Using AI shortcuts could deprive students of that self-awareness and capacity for growth, Castillo worries. “I’m never going to be featured on PBS as this innovative teacher,” she said. “But my students keep coming back for more writer’s conferences, so I believe they feel like they’re growing.”

Worrying over AI inequality

The contrasts between Castillo’s school and Bruno Morlan’s also speak to a growing worry among policymakers about AI’s potential to deepen educational inequalities. Acalanes High in California is a predominantly white school where fewer than 10% of students qualify for free or reduced-price lunch; Felix Varela in Miami-Dade is predominantly Hispanic, and about half of all students qualify for free or reduced-price lunch.

At Acalanes, Morlan serves as an advisor to an AI company, and some students get advice from their industry-connected parents on how to navigate the new technology.

Sean Shvo’s mother, Shira Abel, is a marketing executive who uses AI tools daily in her work. She’s already thinking about the career implications AI might have for her son. “AI is going to change so much over the next few years,” she said, explaining that one of her clients is designing an AI engineering program. “If it’s tactical and repetitive, computers can figure it out and make it faster. But if it’s strategic, computers are not as good at that, and it’ll just make you improve.” She wants to see Sean develop a combination of hard skills and liberal arts disciplines.

At Felix Varela, many students are interested in health fields—nursing, anesthesiology, radiology— where economists are predicting widespread disruption from emerging AI technologies. Sofija Leal said she’s considering nursing and hopes that the writing skills she’s honed in AP Language will be valuable in communicating and sharing medical notes. She worries that many of her classmates are tempted to use AI as a substitute for building writing skills. “You scroll and come across a video, and it’s someone talking about school and how to make it easier,” she said. “I think that’s how AI became so popular so quickly.”

Both Castillo and Morlan have participated in a working group of teachers, sponsored by the Advanced Placement® Program, exploring the different ways AI is making its way into classrooms across the country. Some schools have entire staff positions or committees devoted to studying AI’s educational applications, while others have left it to individual teachers to craft rules and give advice to students navigating the brave new world of algorithmic essays and chatbot tutors.
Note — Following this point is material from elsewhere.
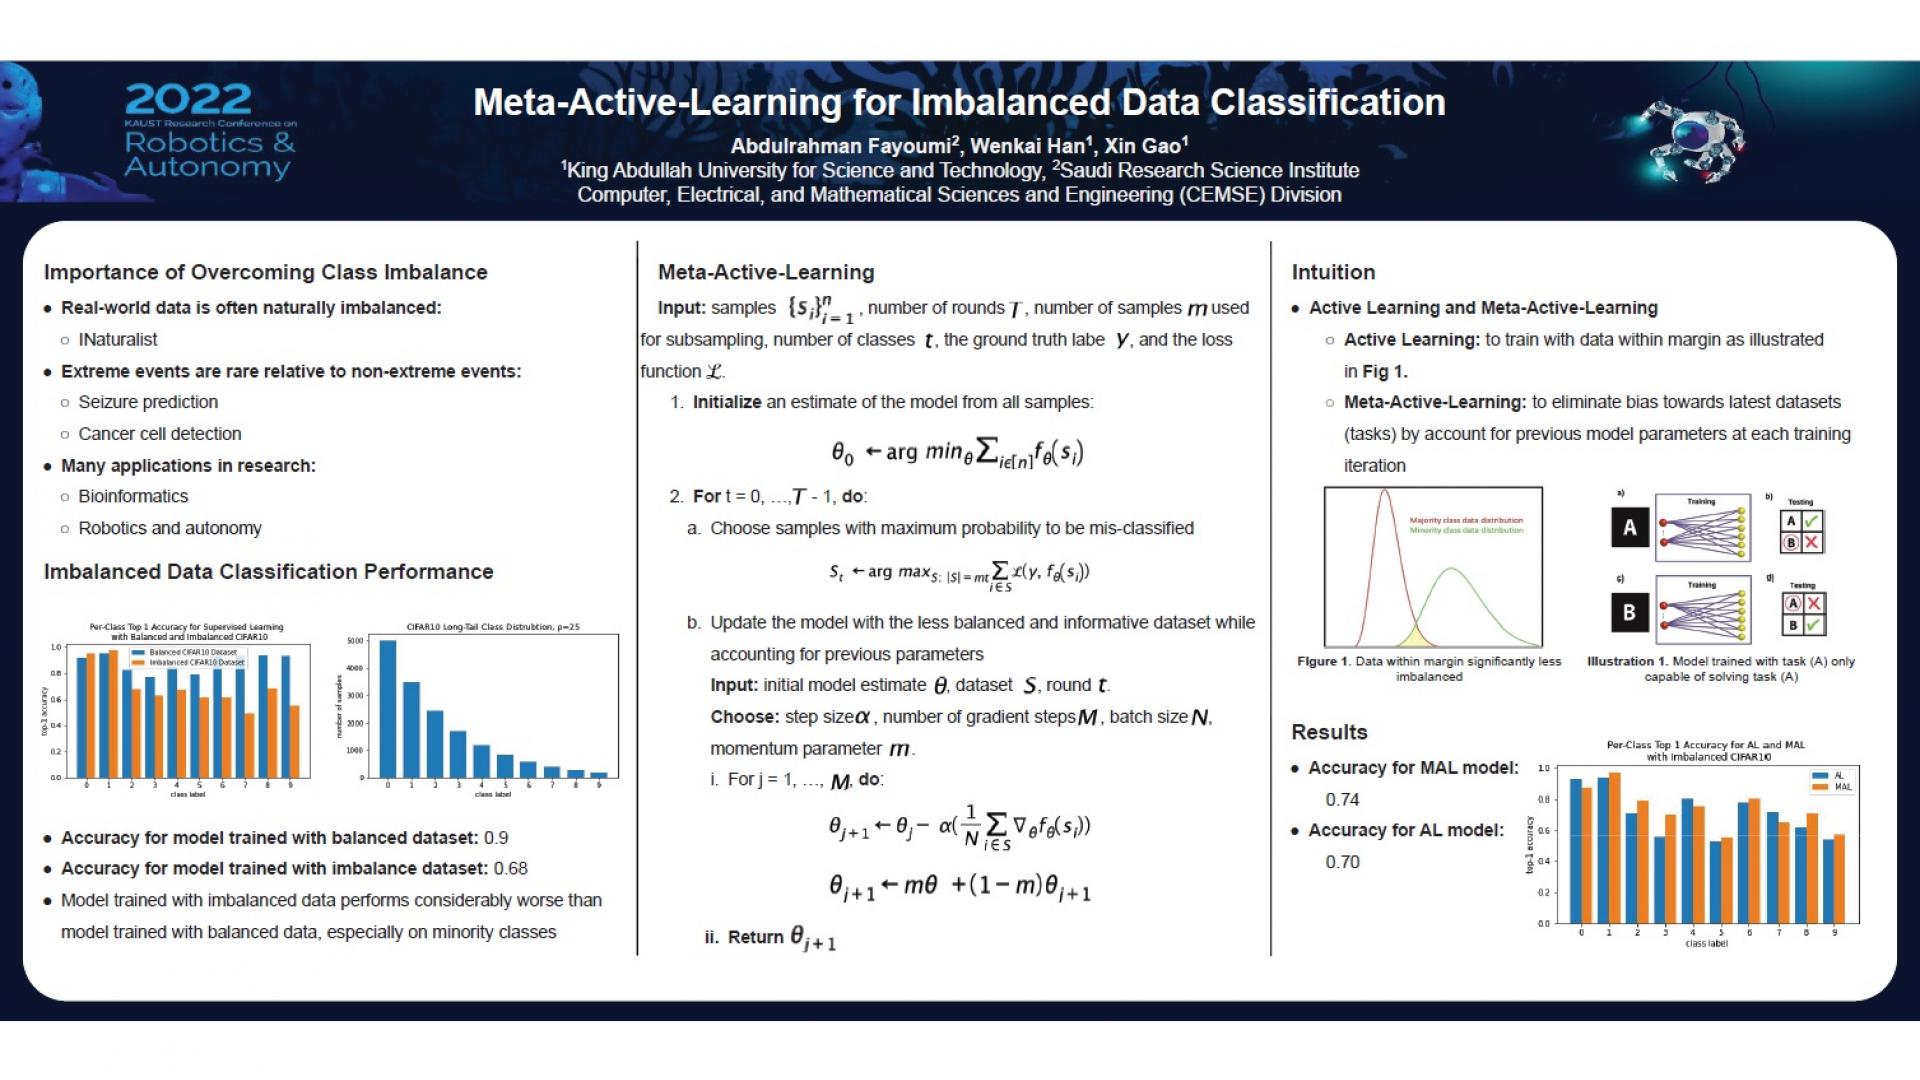 Abdulrahman Fayoumi_Meta-Active-Learning for Imbalanced Data Classification

“We’re really moving toward policies that are more nuanced around AI, recognizing that many schools are encouraging students to use it for brainstorming, for editing, for practice,” said Natalya Tabony, executive director for AP strategy and analytics. “We want to be able to show, ‘Here are the ways AI can be used appropriately, and here’s what you should be doing on your own.’ It’s about making sure students remain the authors of their own work.”

Castillo said that kind of guidance is badly needed. She’s concerned that schools with greater resources will be able to incorporate AI more thoughtfully into the classroom, educating students in AI techniques that aid learning instead of shortcut it, while overburdened public schools like hers will be left with a more ad-hoc approach.

“I think the digital divide is only becoming wider,” Castillo said. “It’s a bigger gulf between the haves and have-nots in the digital realm right now.”